GOP Muddles Pro-Vaccine Messaging With Words On Personal Liberty

News outlets discuss the pivot some Republican lawmakers have made to supporting covid vaccines, noting that repeated mentions of privacy and personal liberty are actually confusing their message. Separately, House Republican Rep. Clay Higgins announced his second, and far worse, covid infection.

Roll Call: GOP Pro-Vaccine Message Clouded By Emphasis On Choice And Privacy 

The tone of some Republican leaders on COVID-19 vaccines has shifted in response to the highly infectious delta variant, but a continued emphasis on values like personal liberty and privacy could muddle the message. The delta variant is proliferating, comprising 83 percent of cases in the United States and an even higher percentage in places with lower vaccination rates, according to the Centers for Disease Control and Prevention, with repercussions for the country's most vulnerable people as well as the economy’s fragile recovery. (Kopp, 7/23)

The Washington Post: As Coronavirus Surges, GOP Lawmakers Are Moving To Limit Public Health Powers 

Across the country, GOP lawmakers are rallying around the cause of individual freedom to counter community-based disease mitigation methods, moves experts say leave the country ill-equipped to counter the resurgent coronavirus and a future, unknown outbreak. In some states, anger at perceived overreach by health officials has prompted legislative attempts to limit their authority, including new state laws that prevent the closure of businesses or allow lawmakers to rescind mask mandates. Some state courts have reined in the emergency and regulatory powers governors have wielded against the virus. And in its recent rulings and analysis, the U.S. Supreme Court has signaled its willingness to limit disease mitigation in the name of religious freedom. (Sellers and Stanley-Becker, 7/25)

Politico: In Alabama And Louisiana, Partisan Opposition To Vaccine Surges Alongside Delta Variant 

George Grabryan and Mike Melton have been helping people here on the bank of the Tennessee River survive devastating tornadoes, floods and other disasters for decades. Ask any local official in rural Lauderdale County, and they have the two emergency managers’ numbers saved in their phones — just in case. But Covid-19 has broken those bonds. Despite Grabryan and Melton’s best efforts, only 34 percent of county residents are vaccinated, even as the highly transmissible Delta variant has driven up new infections by 300 percent in the last two weeks. Three people have died, and health officials predict that many more will follow before the summer mist lifts off the cornfields. (Banco, 7/24)

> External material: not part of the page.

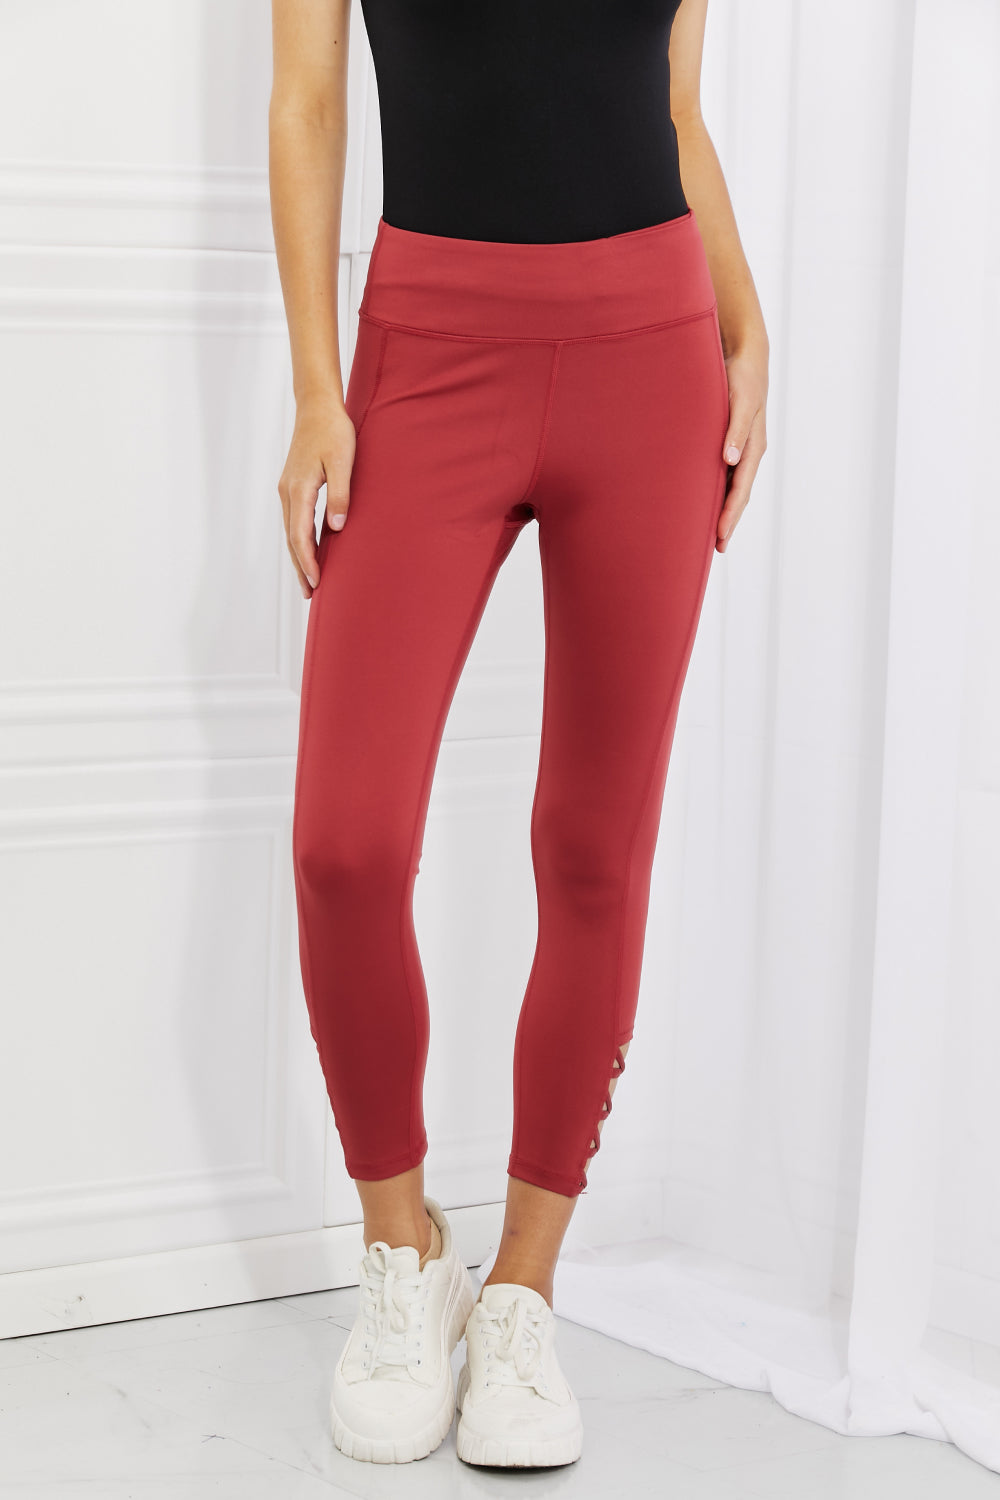 Ready For Action Ankle Cutout Active Leggings in Brick Red  Southern Soul Collectives 
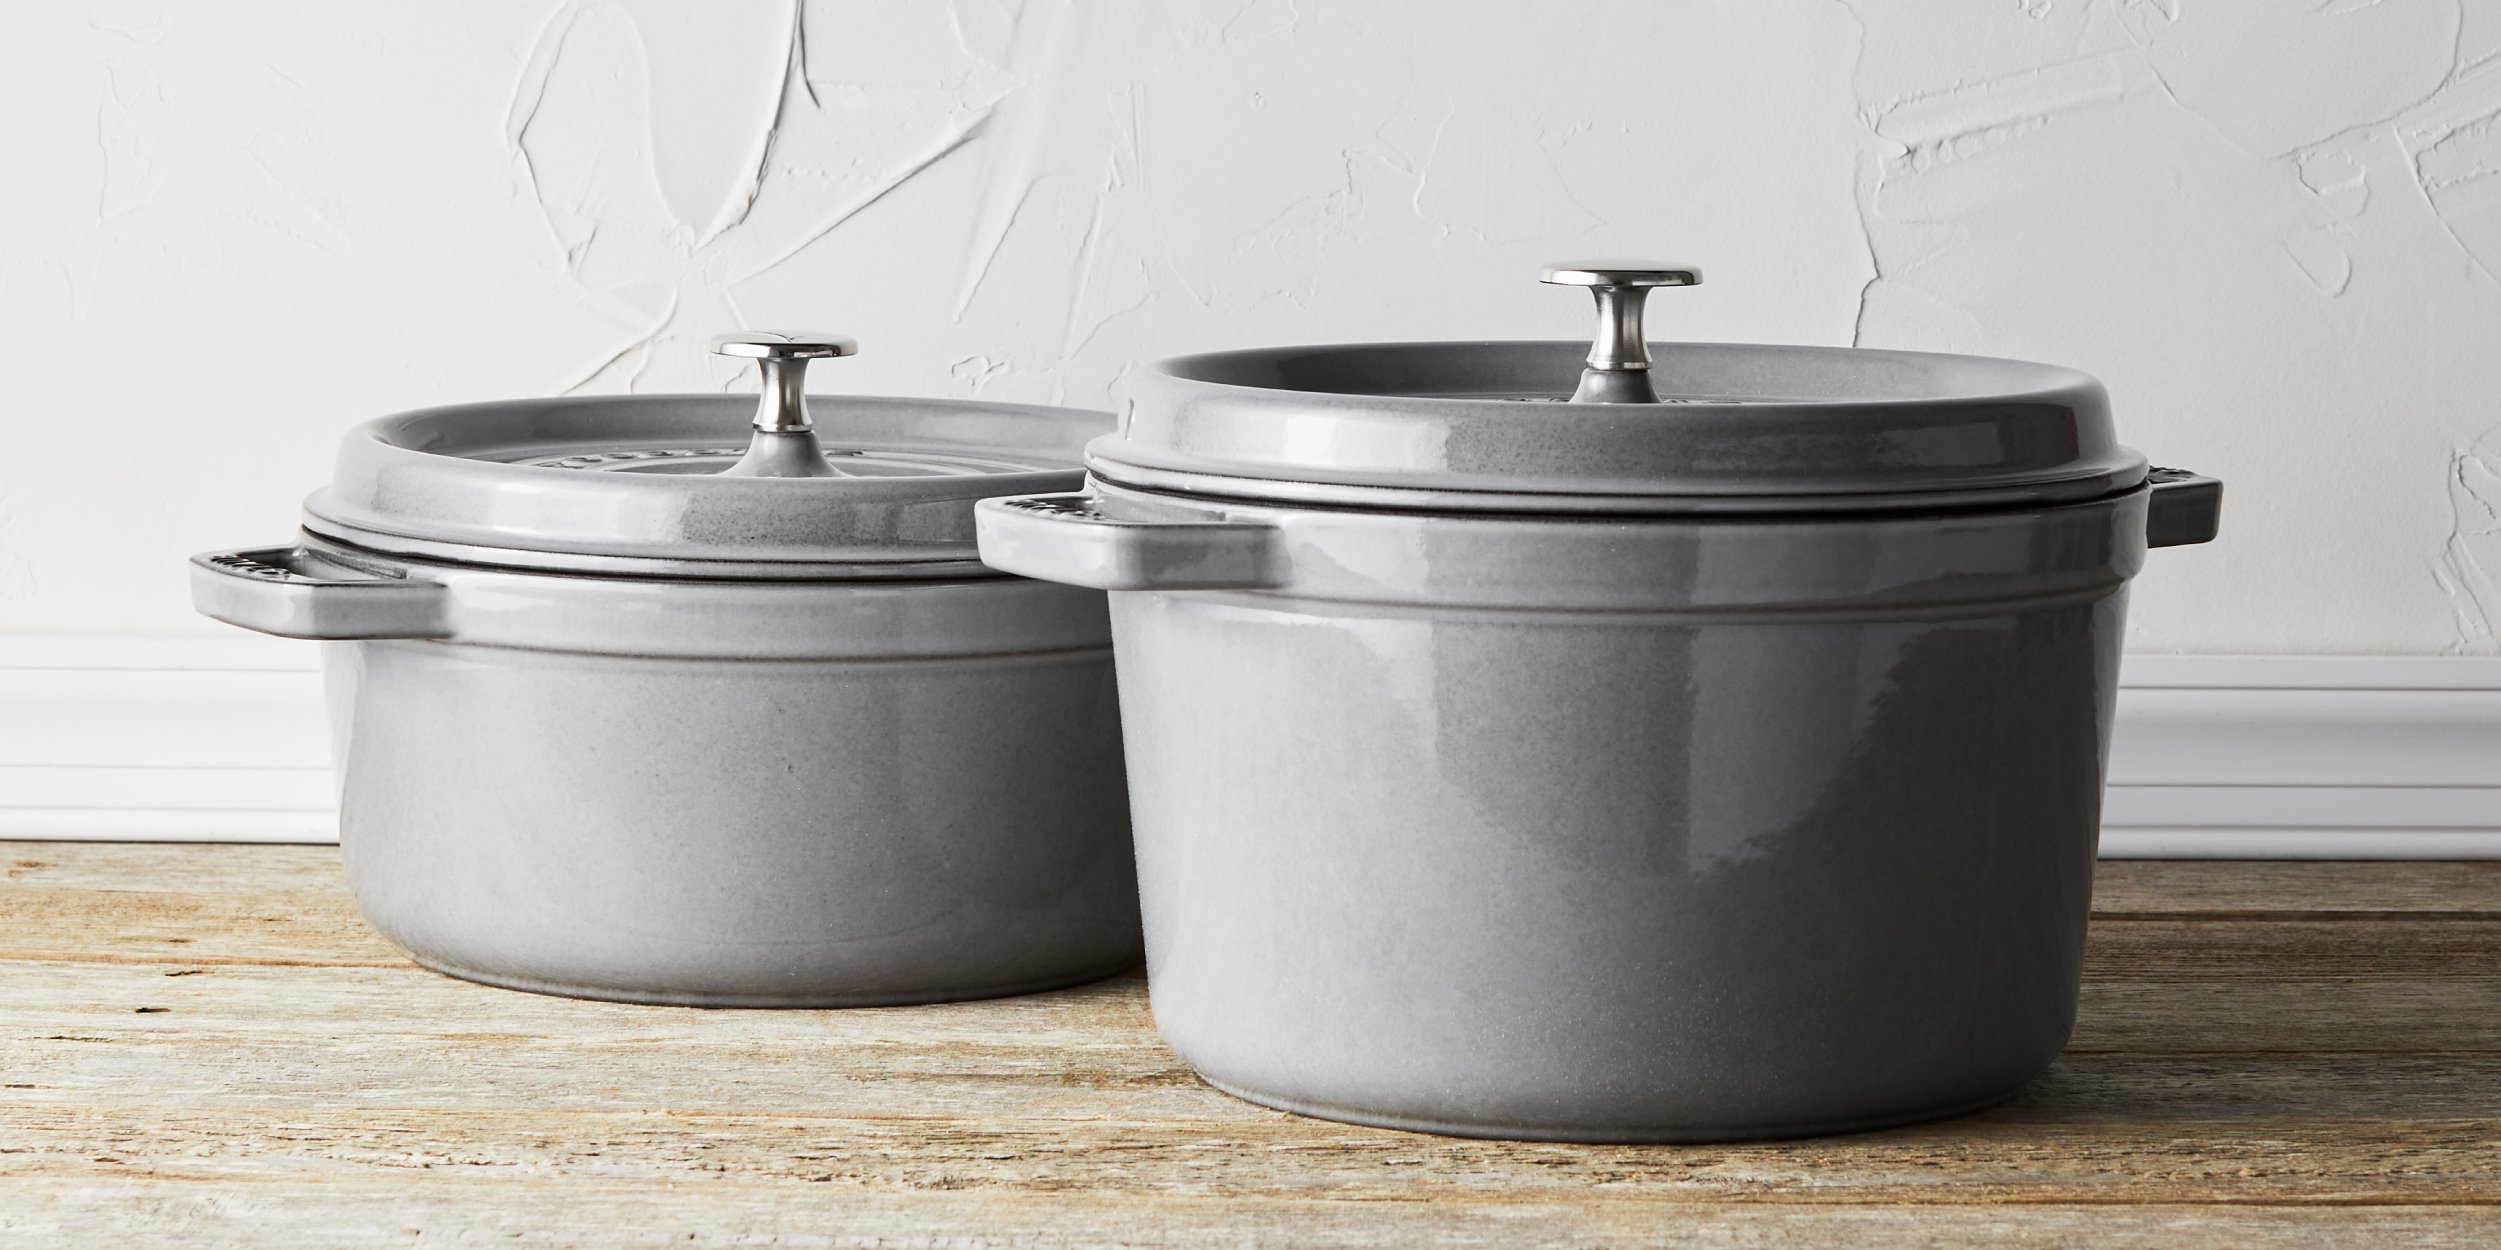 https://www.zwilling.com/on/demandware.static/-/Sites-zwilling-us-Library/default/dwf13dfad3/images/product-content/masonry-content/staub/cast-iron/cocotte/TallCocottes_Mason_Comp_1200-600_TallCocotteMasonry.jpg

The New York Times: The Delta Variant Is The Symptom Of A Bigger Threat: Vaccine Refusal 

After an all too brief respite, the United States is again at a crossroads in the pandemic. The number of infections has ticked up — slowly at first, then swiftly — to 51,000 cases per day, on average, more than four times the rate a month ago. The country may again see overflowing hospitals, exhausted health care workers and thousands of needless deaths. The more contagious Delta variant may be getting the blame, but fueling its rise is an older, more familiar foe: vaccine hesitancy and refusal, long pervasive in the United States. Were a wider swath of the population vaccinated, there would be no resurgence — of the Delta variant, or Alpha variant, or any other version of the coronavirus. (Mandavilli, 7/25)

In related news —

Modern Healthcare: Catholic Health Association Supports COVID-19 Vaccine Mandates

The Catholic Health Association on Friday joined the growing chorus of prominent healthcare associations and health systems supporting or implementing employee COVID-19 vaccination mandates. CHA said it "strongly supports" member health systems as they take necessary steps toward ensuring as many healthcare workers get vaccinated as possible. The organization's announcement comes after dozens of providers and several associations have backed vaccine mandates for healthcare workers. (Bannow, 7/23)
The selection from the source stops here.